Did you know Ed Allen?  He was Tony Schwieterman's wife's brother.  Once I was playing for a masquerade ball.  Adeline Schroeder (she was a pretty girl) was dressed like Fred Schroeder.  Ed Allen had a big round hoop skirt on that went clear to the floor, you know, but no pants!  He went up to the dance and the lady went up and...  Down the steps he went for home!  I'll never forget that.  They used to have some good masqueraders there, I'll tell you.  Romeo and Juliet - that was wonderful.
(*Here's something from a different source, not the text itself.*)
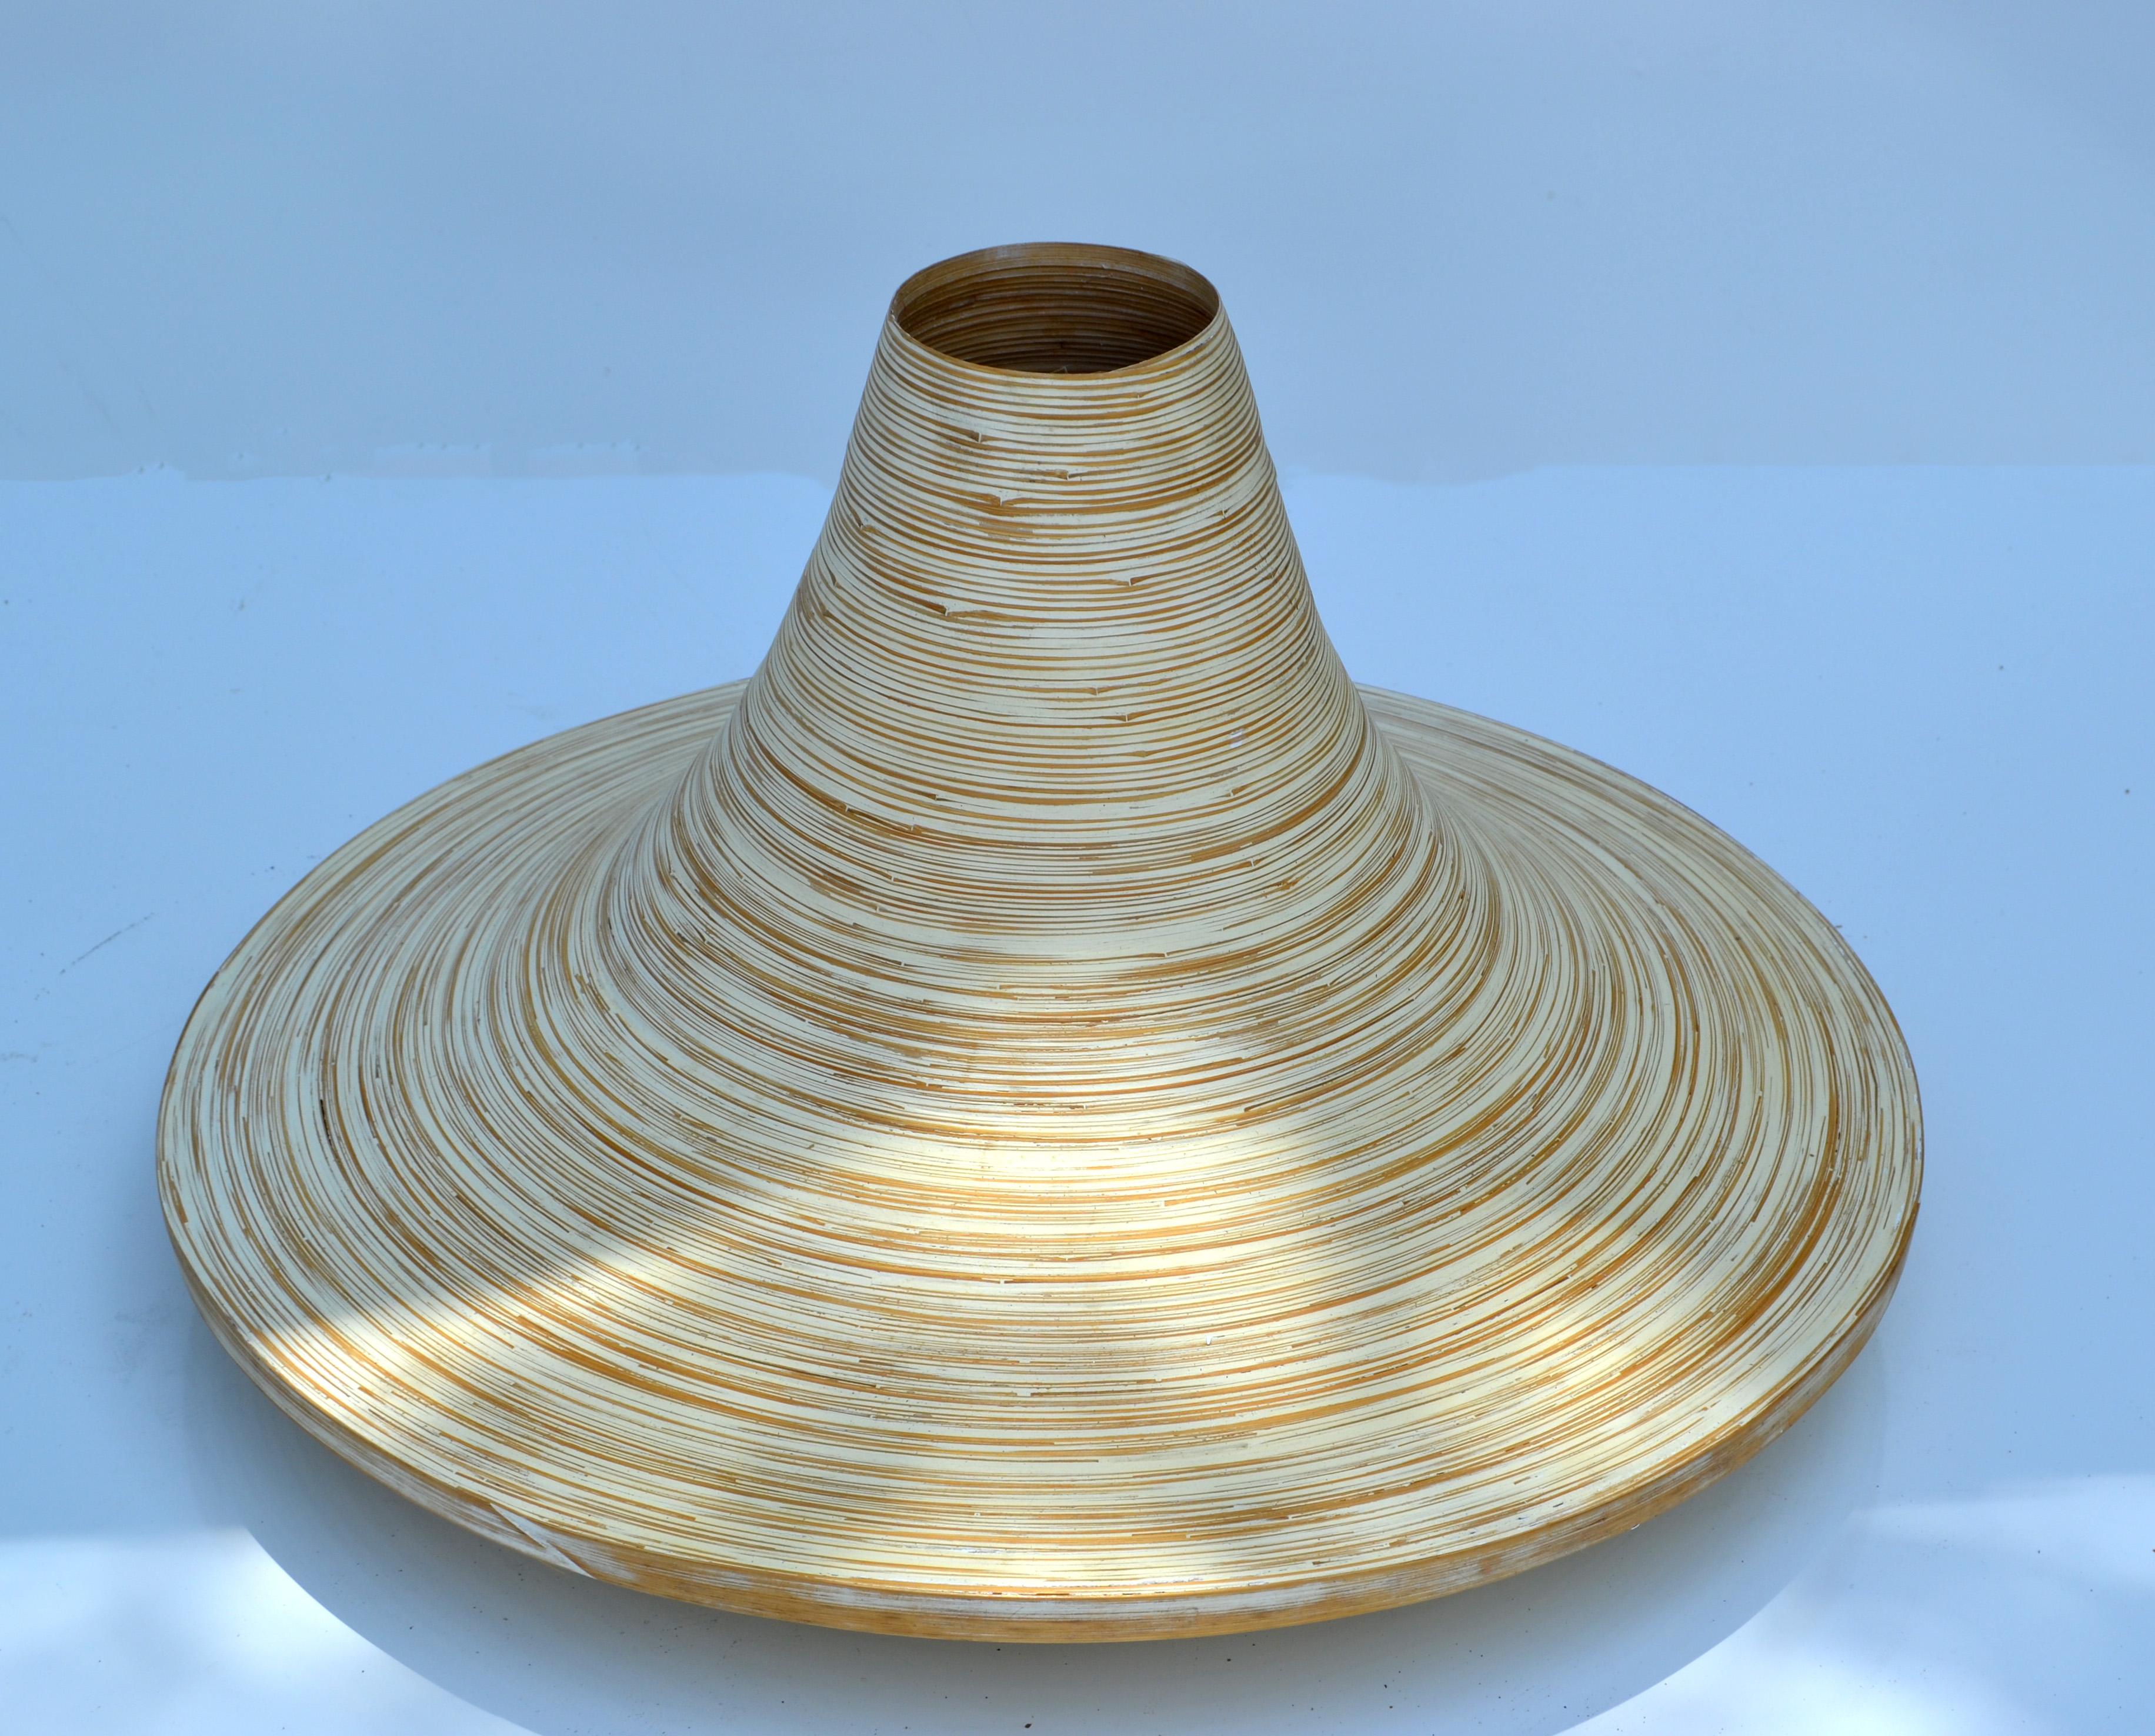 20th Century Beige Indoor Decorative Planter Swirled Cane Vase, a Pair For Sale

I was in the K.of P. Lodge when I was 21 years old.  (I'm 96 now.)  I was the past Chancellor and the Grand once.  That was quite an organization - they were quite lively in town.  Oh, boy, that was wonderful.  They had a drill squad one time and their own orchestra at one time.

For initiation, they put a bunch of spikes and you'd have to stand up there and jump on them.  That was a test to see how brave you were.  We had a large membership.  I just cashed, a few weeks ago, a $500 K.of P. policy.  I carried it till now.  I couldn't draw the money, I had to die to get anything out of  it.  So they gave me a little over $500 and called it a paid-up policy. That was the best thing I could do, you see.  Emil Laut had a policy, too.  So did Ferd Rabe and Bienz.  Bienz and I kept ours.  I believe Ferd Rabe cashed his in.  Emil Laut had a $1000 policy and, you know, Emil was getting hard up for money, by golly, and he cashed in his policy.  He should never have done that.  He made a mistake there.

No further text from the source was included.